20 Myths About Stablecoins
Have you heard these stablecoin myths?
Stablecoins have rapidly become a cornerstone of the cryptocurrency world, offering a bridge between traditional financial systems and the dynamic world of digital currencies. However, there are many myths and misconceptions about stablecoins and here we discuss the 20 most common myths.
1. Stablecoins are the same as cryptocurrencies
While stablecoins are a type of cryptocurrency, they are designed to maintain a stable value by being pegged to a reserve asset like the US dollar, unlike cryptocurrencies such as Bitcoin, which can be highly volatile.
2. Stablecoins are only used for trading
Though popular in trading, stablecoins have various uses, including remittances, payments, lending, and as a hedge against volatility in other cryptocurrencies.
3. All stablecoins are backed by fiat currency
Not all stablecoins are fiat-backed. Some are backed by other assets like commodities (gold), or even by other cryptocurrencies. Algorithmic stablecoins rely on smart contracts and algorithms to maintain their value.
4. Stablecoins are risk-free
Stablecoins reduce volatility but are not entirely risk-free. Risks include the collapse of the backing asset, regulatory changes, and smart contract vulnerabilities.
5. Stablecoins are centralized
While many stablecoins, like Tether (USDT) and USD Coin (USDC), are centralized, there are decentralized options like DAI, which operate on a decentralized protocol.
6. Stablecoins don't need regulation
Regulation is essential for stablecoins to ensure transparency, security, and consumer protection. Governments worldwide are beginning to address the regulatory needs of stablecoins.
7. Stablecoins are just for tech-savvy people
With user-friendly platforms and wallets, stablecoins are accessible to anyone, not just those with technical knowledge.
8. Stablecoins are hard to acquire
Many exchanges, accounts and protocols make it easy for business to hold stablecoins on their balance sheet.
9. Only the US Dollar can back stablecoins
Stablecoins can be pegged to various fiat currencies like the Euro, Yen, and others, broadening their appeal and utility globally.
10. Stablecoins are anonymous
Most stablecoins are not anonymous. They often comply with KYC (Know Your Customer) and AML (Anti-Money Laundering) regulations, making transactions traceable.
11. Stablecoins are not affected by market conditions
Stablecoins aim to maintain stability, but they can still be influenced by broader market conditions, especially those affecting their underlying assets.
12. Stablecoins are only for big transactions
Stablecoins are used for transactions of all sizes, from micro-payments to large transfers, making them versatile in various financial scenarios.
13. Using stablecoins is expensive
Transaction fees for stablecoins are generally lower compared to traditional banking systems, especially for cross-border transactions like those provided by Conduit.
14. Stablecoins are inherently inflated
Stablecoins reflect the value of their underlying asset.

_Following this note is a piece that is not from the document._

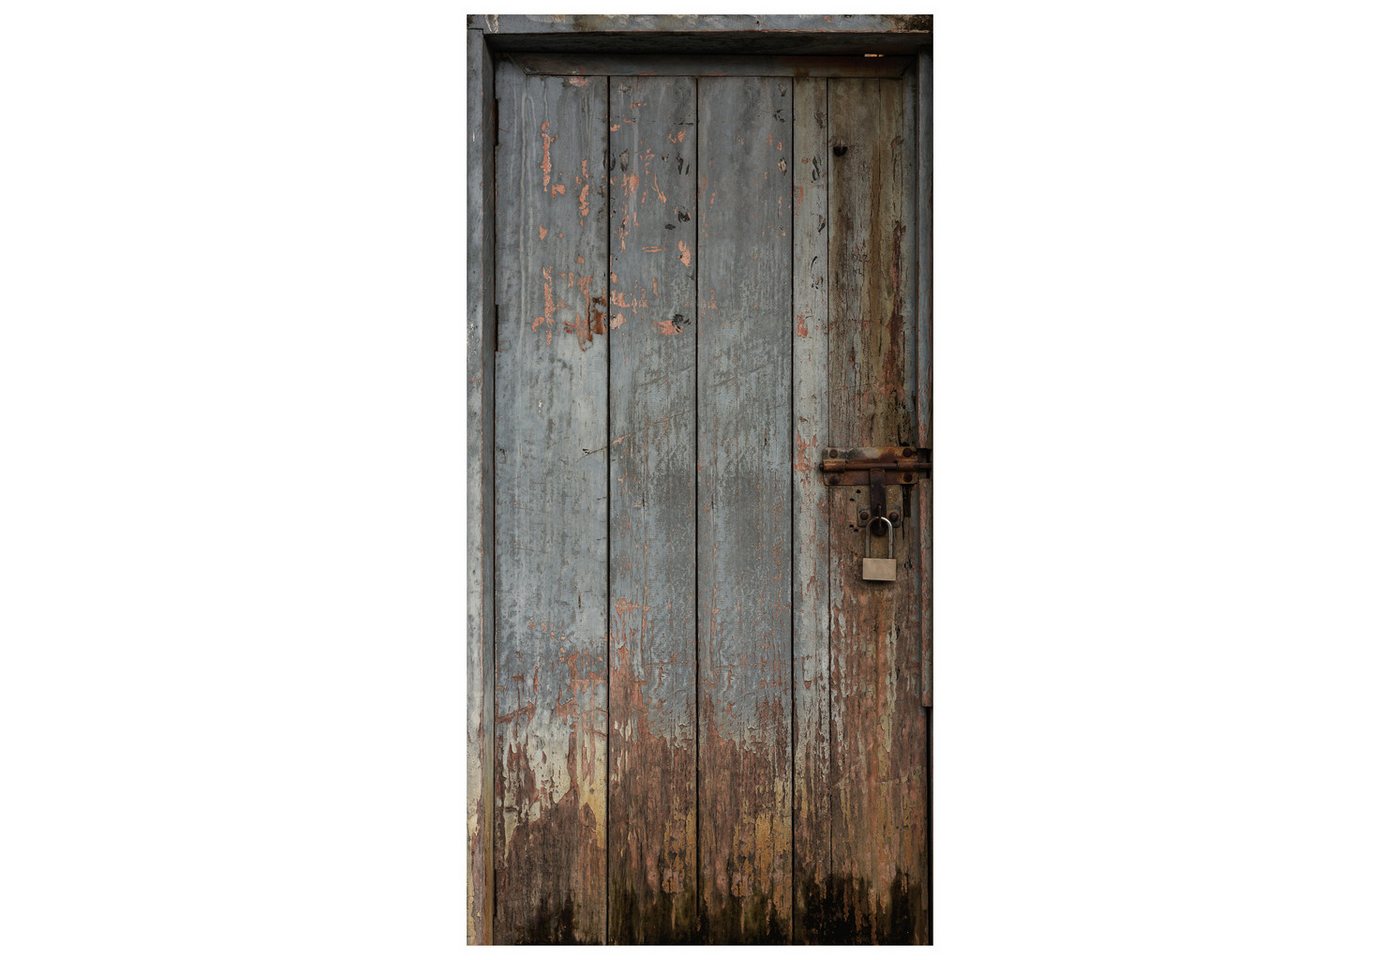 wandmotiv24 Türtapete alte Holztür mit Schloss, Grau, Farbe, glatt, Fototapete, Wandtapete, Motivtapete, matt, selbstklebende Vliestapete von wandmotiv24

If the pegged currency (like USD) is subject to inflation, the stablecoin will reflect that inflation.
15. Stablecoins have no interest
Some platforms offer interest-bearing accounts for stablecoins, allowing users to earn interest similarly to traditional savings accounts.
16. Stablecoins can't be hacked
While stablecoins themselves might not be directly hacked, the platforms and smart contracts they operate on can be vulnerable to cyber-attacks.
17. Stablecoins Are a Passing Trend
The demand for stablecoins is growing, and their use cases are expanding, suggesting they are here to stay as a significant part of the financial ecosystem.
18. All Stablecoins Are the Same
Stablecoins differ in their underlying assets, technology, and stability mechanisms. It’s essential to understand these differences when choosing a stablecoin.
19. Stablecoins cannot be integrated with DeFi
Stablecoins are integral to the Decentralized Finance (DeFi) ecosystem, providing liquidity and stability for various DeFi applications.
20. Stablecoins offer no privacy
While stablecoins offer less privacy than some cryptocurrencies, there are privacy-focused stablecoins in development that aim to provide enhanced privacy features.
The truth about stablecoins
Stablecoins are transforming the financial landscape, offering stability and new opportunities in the digital economy. Understanding the common myths about stablecoins can help users make informed decisions and better appreciate their potential. Whether used for trading, payments, or as part of the decentralized finance ecosystem, stablecoins offer a versatile and valuable tool in the world of digital currencies.